Burning Questions
Fellowship Award Winners

Germano Glufke Reis 

Location: Brazil
Academic field: Business management and food sustainability
Award category: PhD Holder

Guidance Memo

  • Title: The role of major retailers and supermarkets in the transition from industrial animal agriculture to alternative proteins in low- and middle-income countries: The case of Brazil
  • What We Learned From It:
    • Analyzing how supermarkets in Brazil promote plant-based "meat" compared with animal-based products, and comparing a plant-based products coming from companies that also offer meat (i.e. meat processing companies) with products from companies that only manufacture plant-based products (plant-based "exclusive" firms):
      1. 1. Plant-based meat is less widely available in supermarkets than animal meat.
      2. 2. Plant-based meat is significantly more expensive than animal meat.
      3. 3. Animal products are more often promoted through price reduction and multi-buy offers than their plant-based analogues.
      4. 4. Products from plant-based exclusive firms have higher prices, more fragmented availability, and lower discounts compared with plant-based products from meat processor companies.
    • To discourage the production and consumption of meat in Brazil (a country that is the world's top producer and consumer of industrial meat), and encourage the transition to alternative protein products, one should:
      • Increase the availability of plant-based products in supermarkets.
      • Lower plant-based meat prices.
      • Increase the presence of smaller and purely plant-based companies in retail outlets.
      • Reduce the promotion of animal meat products.
    • To achieve the above outcomes, one should:
      1. 1. Reach out to retailers (e.g. to propose that they make alternative protein products more visible and available).
      2. 2. Invest in research (e.g. to find alternative protein sources that have cheaper ingredients).
      3. 3. Raise consumer awareness of the benefits of plant-based products and the importance of plant-based exclusive firms.
      4. 4. Empower smaller and plant-based exclusive firms.
      5. 5. Reach out to policymakers (e.g. for financial support for plant-based meat research, for transferring subsidies away from animal meat, for strengthening alternative protein sector's entrepreneurial ecosystem).

Links

Some of the Things We Really Liked when We Read the Application

  • Major retailers and supermarkets in large cities have significant influence on value chain activities including the pricing and development of products.

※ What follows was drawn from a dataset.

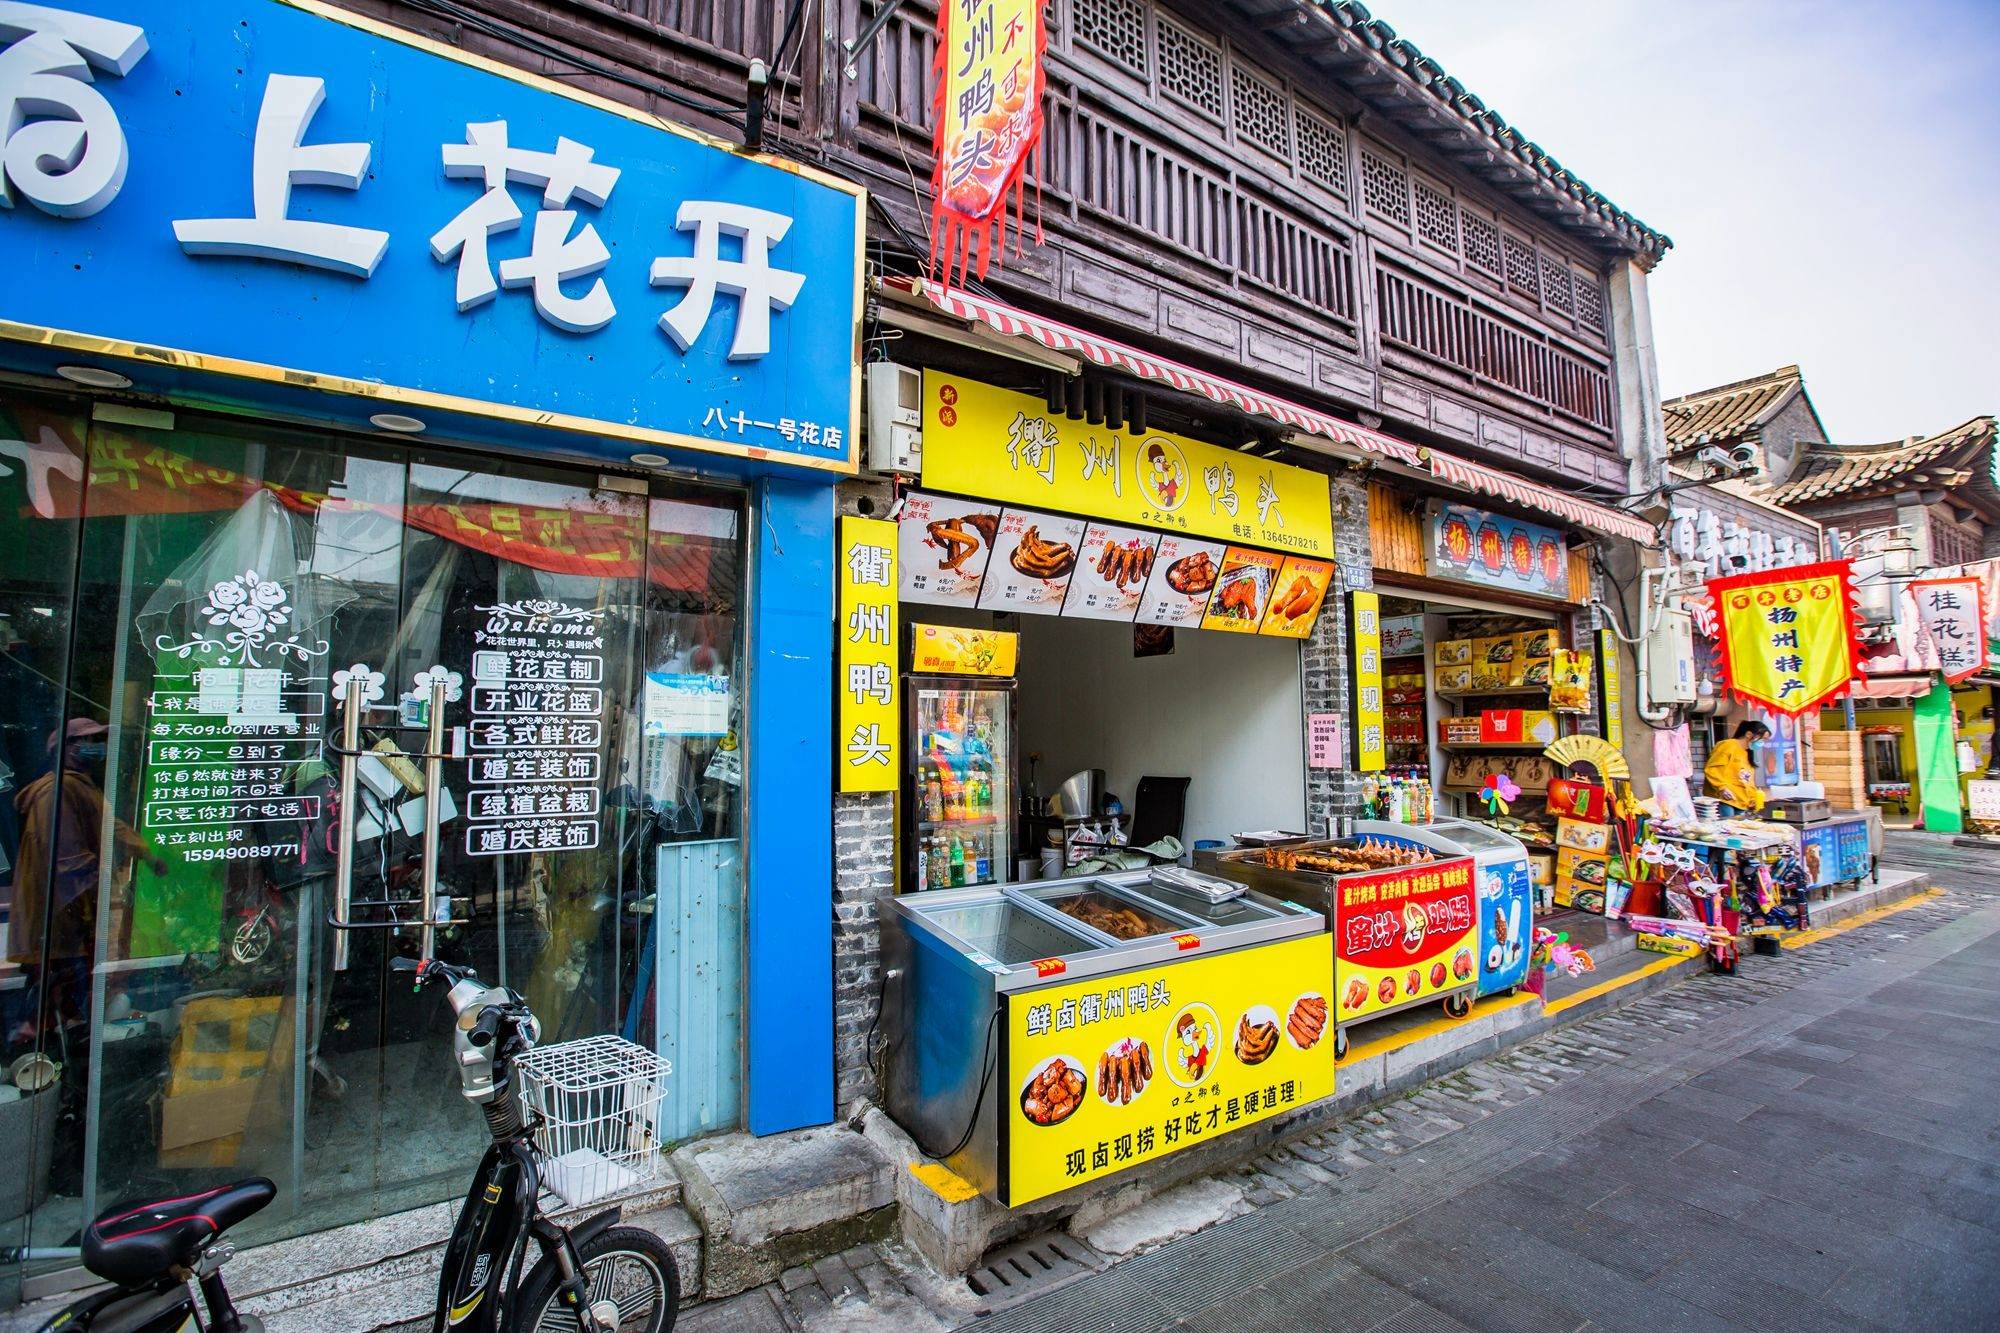 2022老街饭庄(扬子江北路总店)美食餐厅,在扬州吃的一家性价比餐厅 四...【去哪儿攻略】

Lots of global value chain literature have shown how downstream players such as retailers can exert non-market coordination on other actors’ activities along the chain. This means if retailers champion a particular category of products over another, that favored category can enjoy many more advantages. Moreover, supermarkets can influence consumers' choice of products. Translating this into meat and plant- based alternative protein products:
    • If retailers prioritize meat products over plant-based protein products, this will present a serious obstacle to the growth and expansion of the plant-based products. It will also delay the transition away from a food system that relies on industrial meat to one that does not focus heavily on meat.
    • On the flip side, a consistent network of retailers that provides adequate support has been key to and remains crucial for plant-based meat firms to expand.
  • That is why understanding retailers' marketing priorities and strategies for meat products and meat alternatives is very important if one wants to boost or to suppress these products. But this topic is rarely explored by those tackling industrial food animal production, especially not for Brazil and other developing economies that produce and consume a lot of meat products. Plant-based meat alternatives have been available for some time in Brazil in most supermarkets, and they are known by many consumers. Furthermore, there are producers of plant-based meat alternatives of different sizes in Brazil, from small to larger companies. And the country has a network of well-established supermarket chains. So it is possible and important to study this topic in Brazil.
  • Another under-explored topic that this application addresses is that meat substitutes from industrial animal agriculture companies might receive more advantages from retailers compared with similar products from firms that focus only on alternative proteins.